## Work to be completed
From the entries below, write out exactly the lines between the line holding "Katie Hartline" and the line holding "http://diglib.hab.de/drucke/153-14-eth-3s/00012.jpg", inclusive, excluding any pictures.

## Data for review
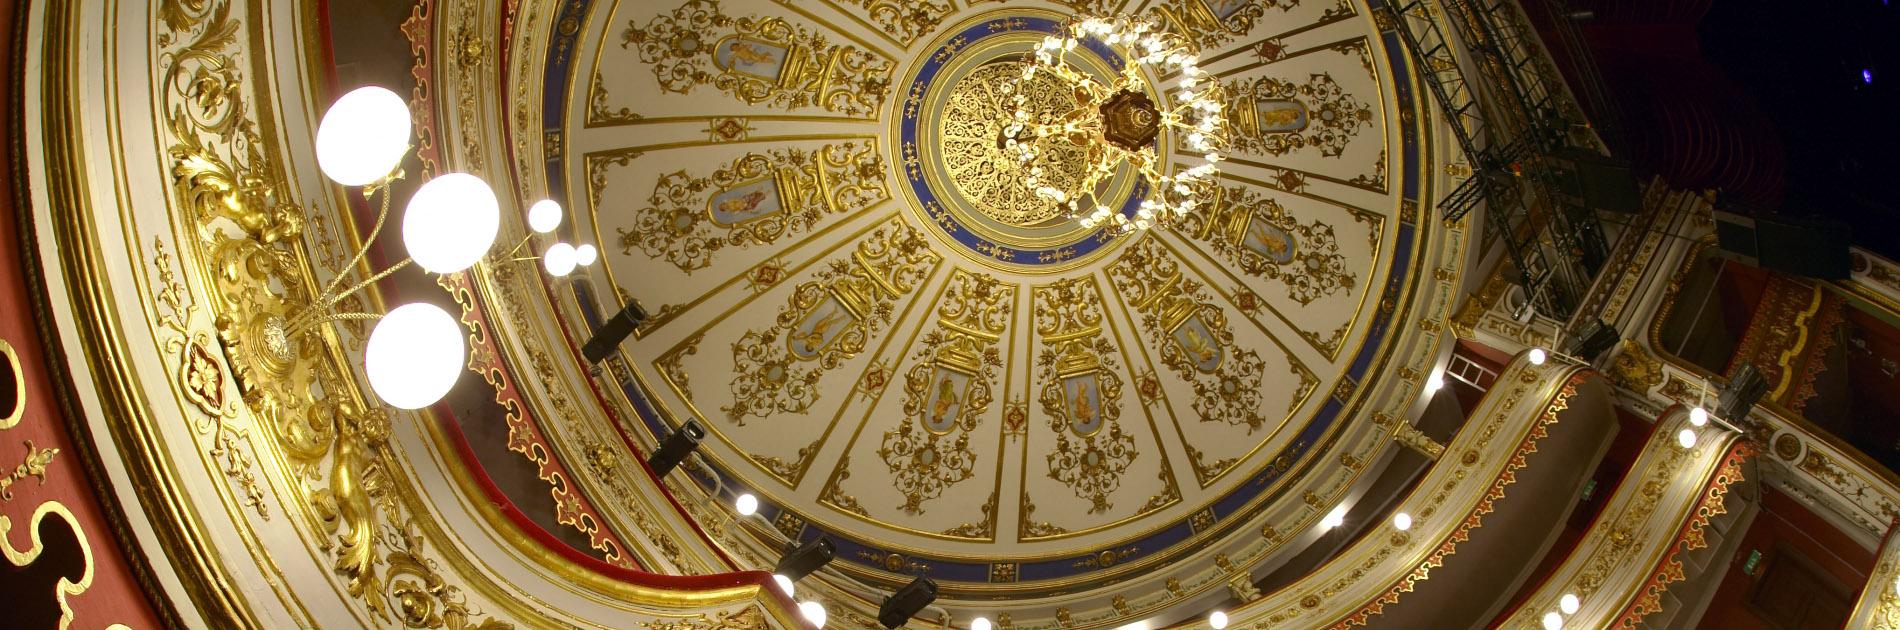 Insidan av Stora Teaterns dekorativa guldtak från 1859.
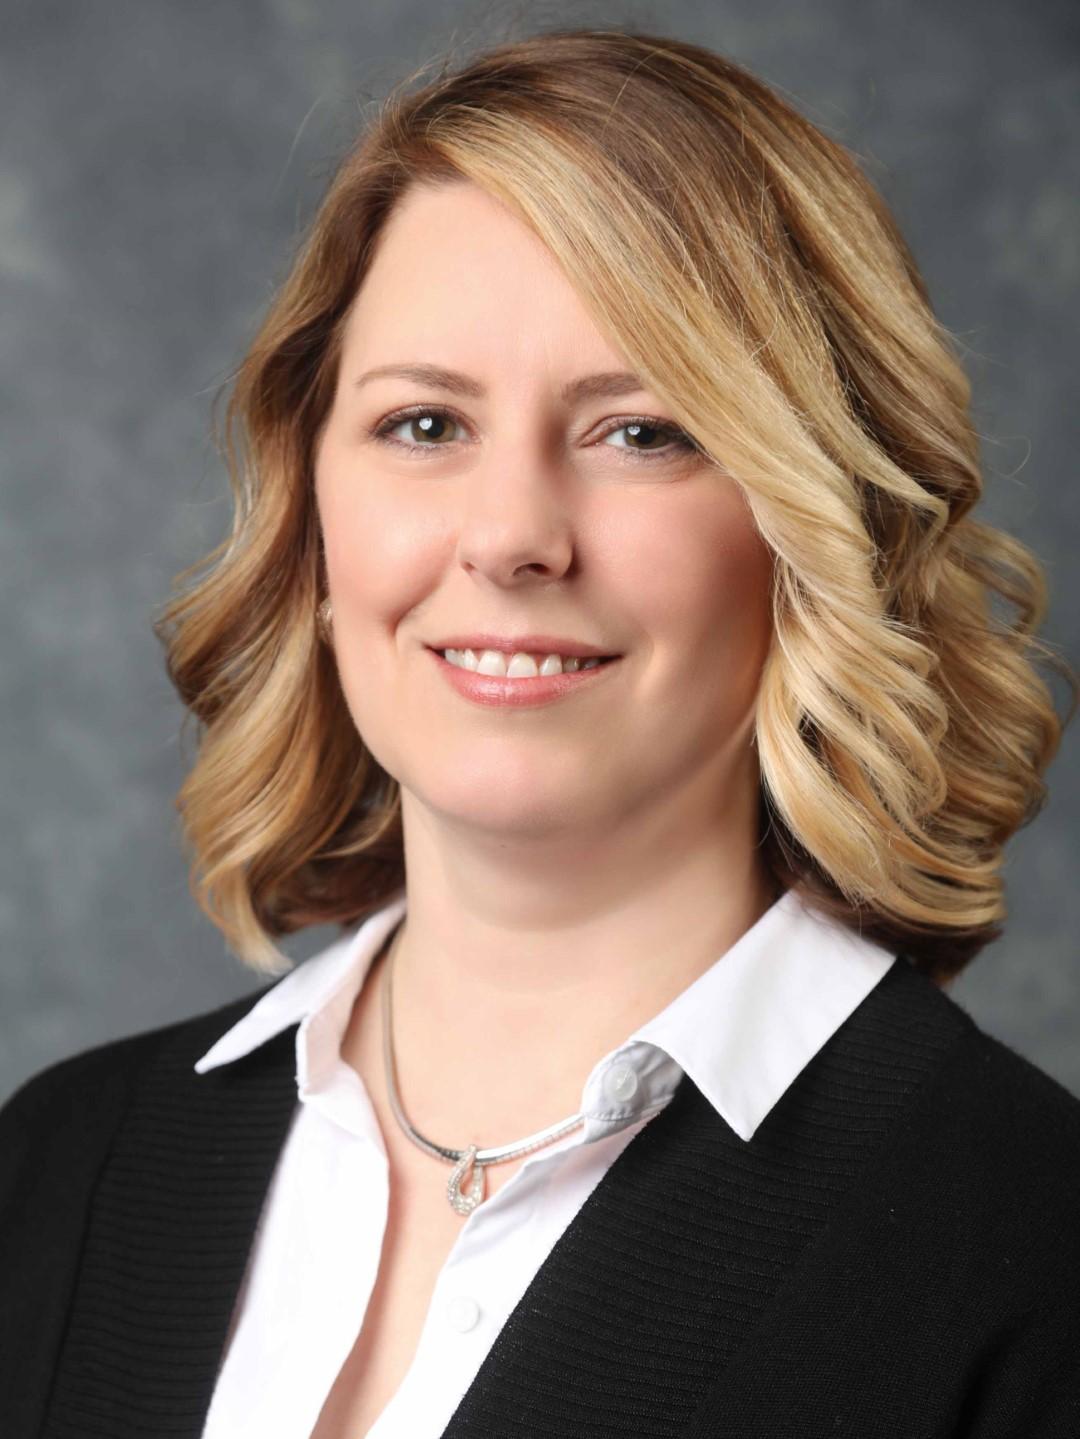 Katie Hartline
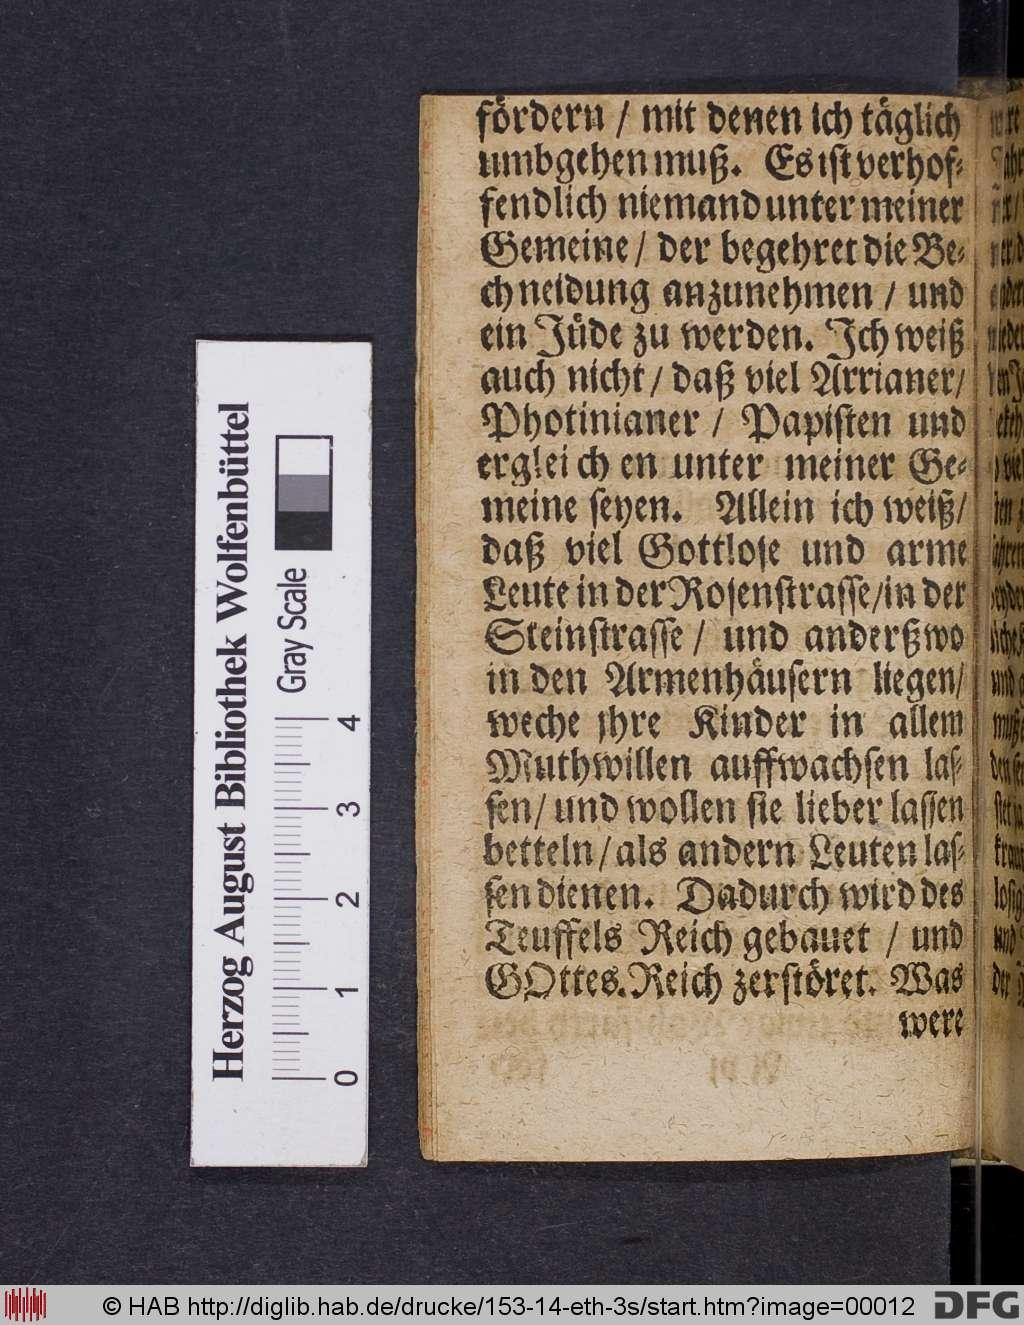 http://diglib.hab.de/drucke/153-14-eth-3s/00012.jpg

* * *

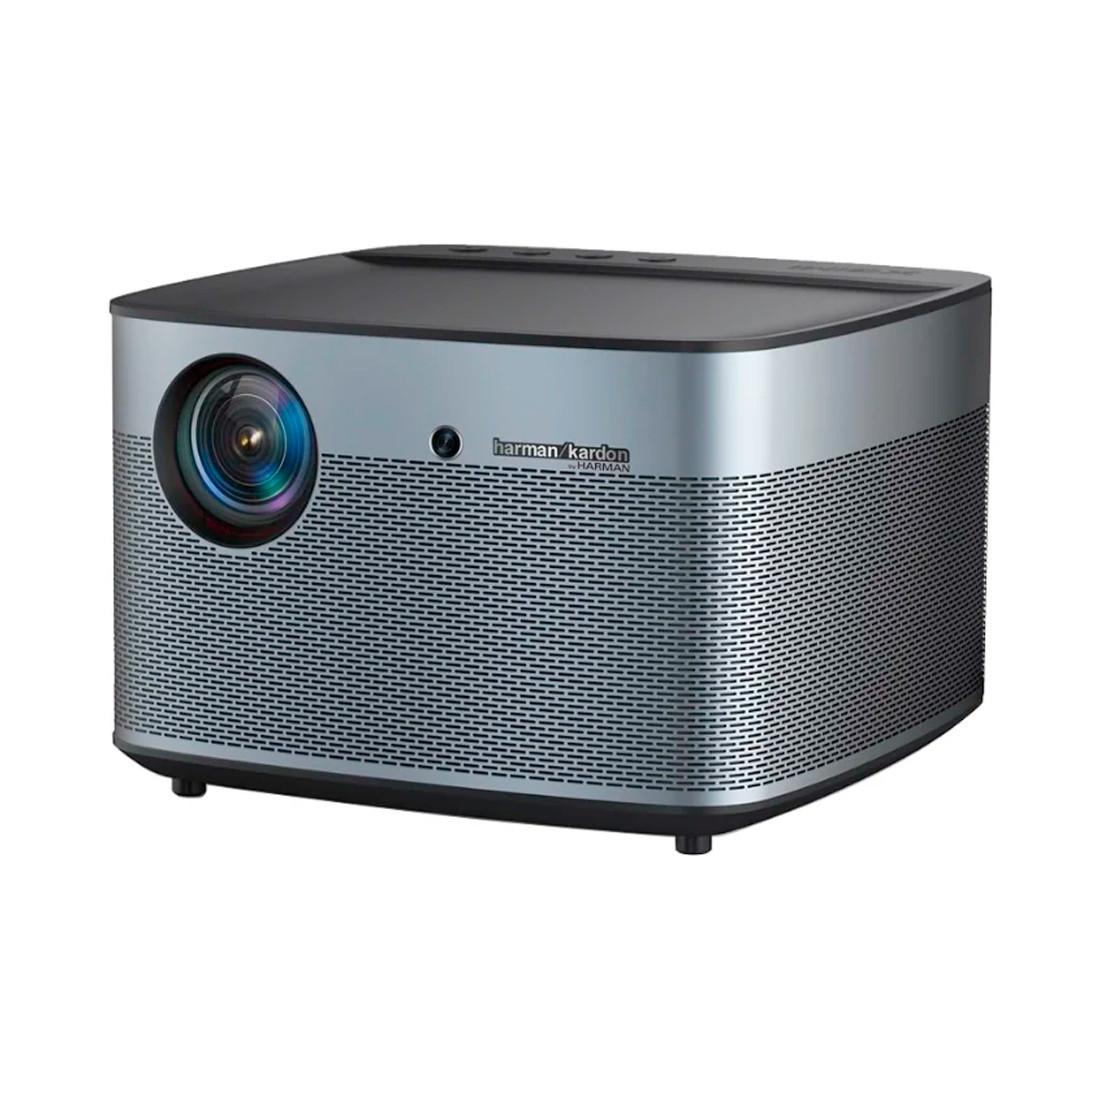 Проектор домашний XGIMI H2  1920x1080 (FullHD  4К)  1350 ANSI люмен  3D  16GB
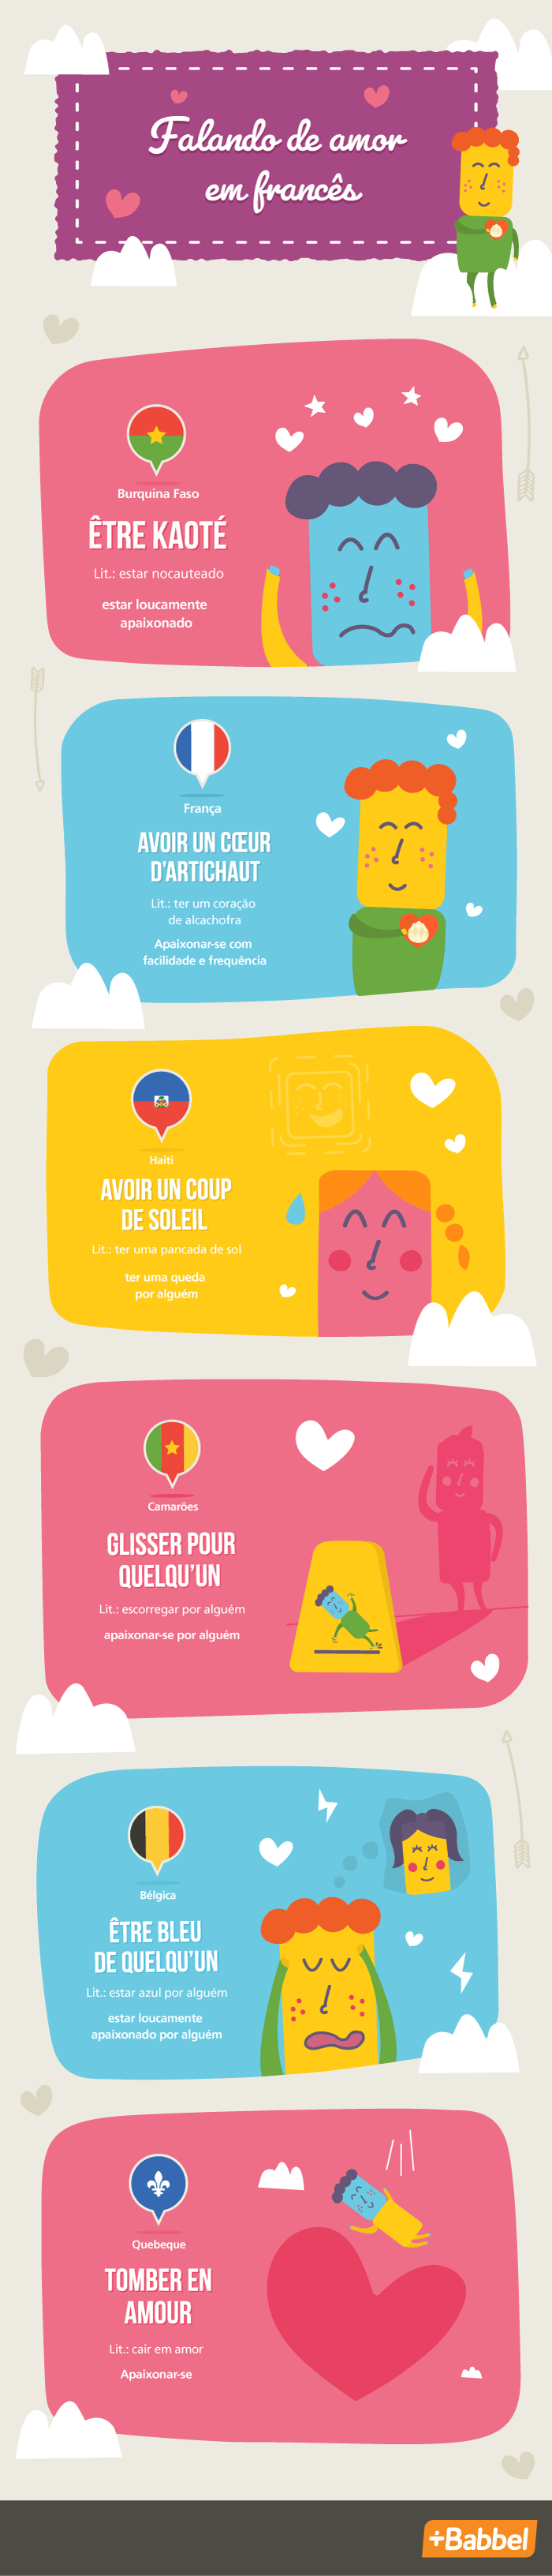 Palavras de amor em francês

## Task answer
 Katie Hartline
 http://diglib.hab.de/drucke/153-14-eth-3s/00012.jpg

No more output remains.